I’ve been beaten to this by a book of such reminiscences, called Mortification: Writers' Stories of Their Public Shame (edited by Robin Robertson). And by The Onion, of course, whose eerily accurate faux-news story “ Author Promoting Book Gives It Her All Whether It's Just 3 People Or A Crowd Of 9 People” captures the brave tone that even well-known authors adopt when they face the serried ranks of empty chairs in the big-box bookstore. I canvassed a few Canadian authors about their most humiliating public appearances, as a sort of subdued and Canadian counterpart to the rock stars’ disasters.
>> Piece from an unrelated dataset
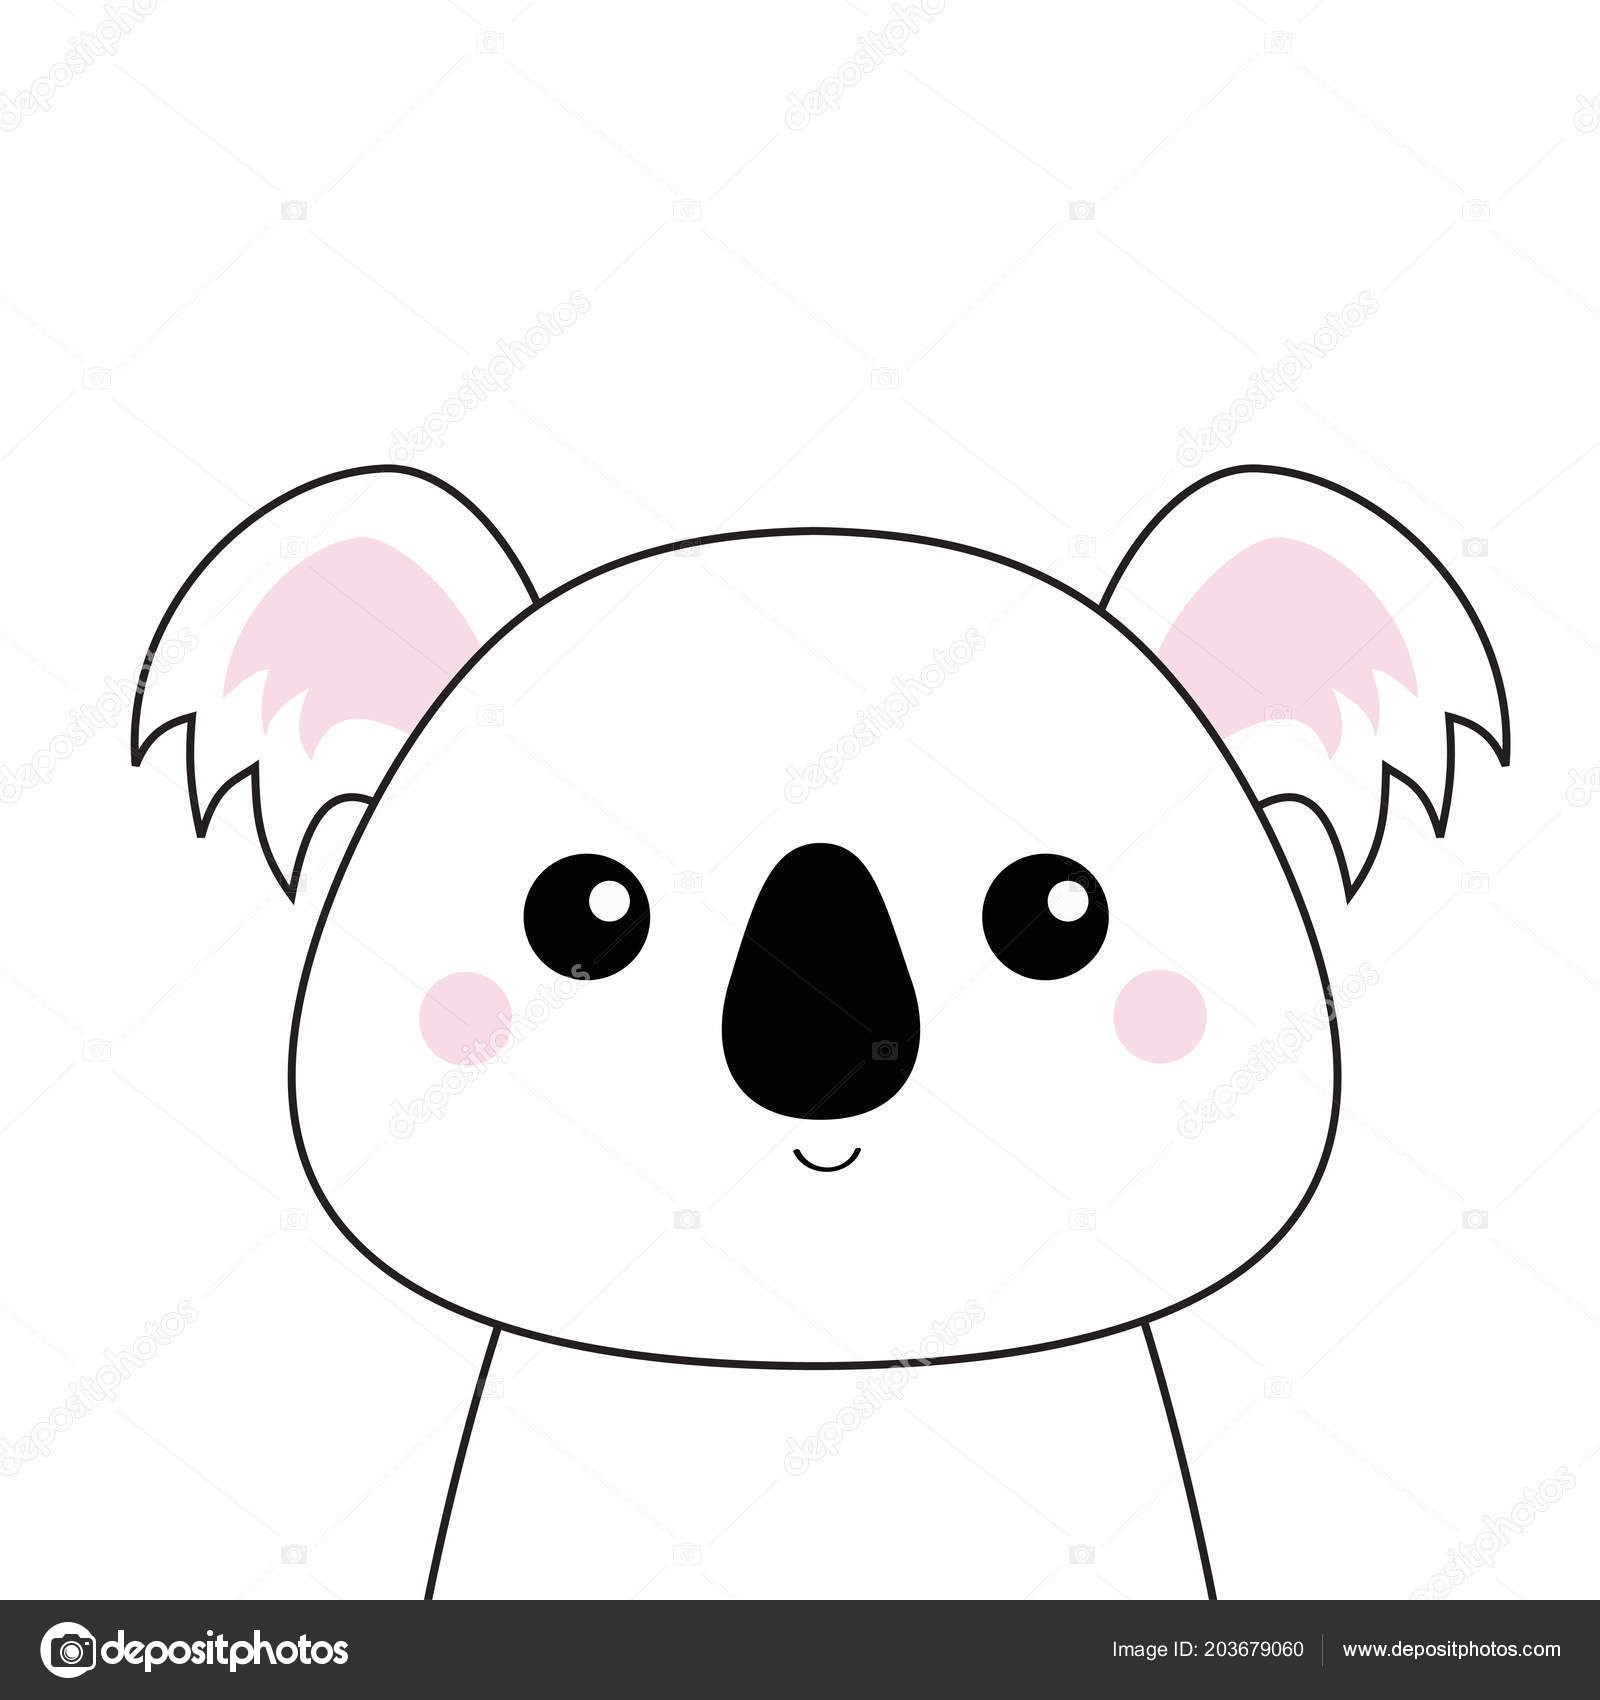 Koala Blanc Visage Silhouette Contour Noir Kawaii Animal Personnage

My own most sobering was – well, how to choose? Probably the time I was driven by an earnest volunteer through the sunny vastness of suburban Calgary to do a “reading” at a Chapters store. I was with the author Barry Callaghan; we were supposed to appear together. After a good hour’s drive we arrived at the echoing store; there was no manager who was aware of us. There was, however, a sign announcing a reading by Spider Robinson, as well as a table of his books. Robinson was, of course, not aware of this either. We went ahead and read to a kindly homeless man anyway.
But that’s nothing. Kathryn Kuitenbrouwer, author of Perfecting, went to a book convention with her very first novel and was flatteringly asked to pose for a photographer shooting authors who were on the cusp of “making it.” After an hour of photos, the photographer asked her, “So, you're Mennonite, right?” It was then that Kuitenbrouwer realized she had been mistaken all along for Miriam Toews, who was actually on the cusp of a very big deal, with A Complicated Kindness. Kuitenbrouwer writes, “Massive ego failure.”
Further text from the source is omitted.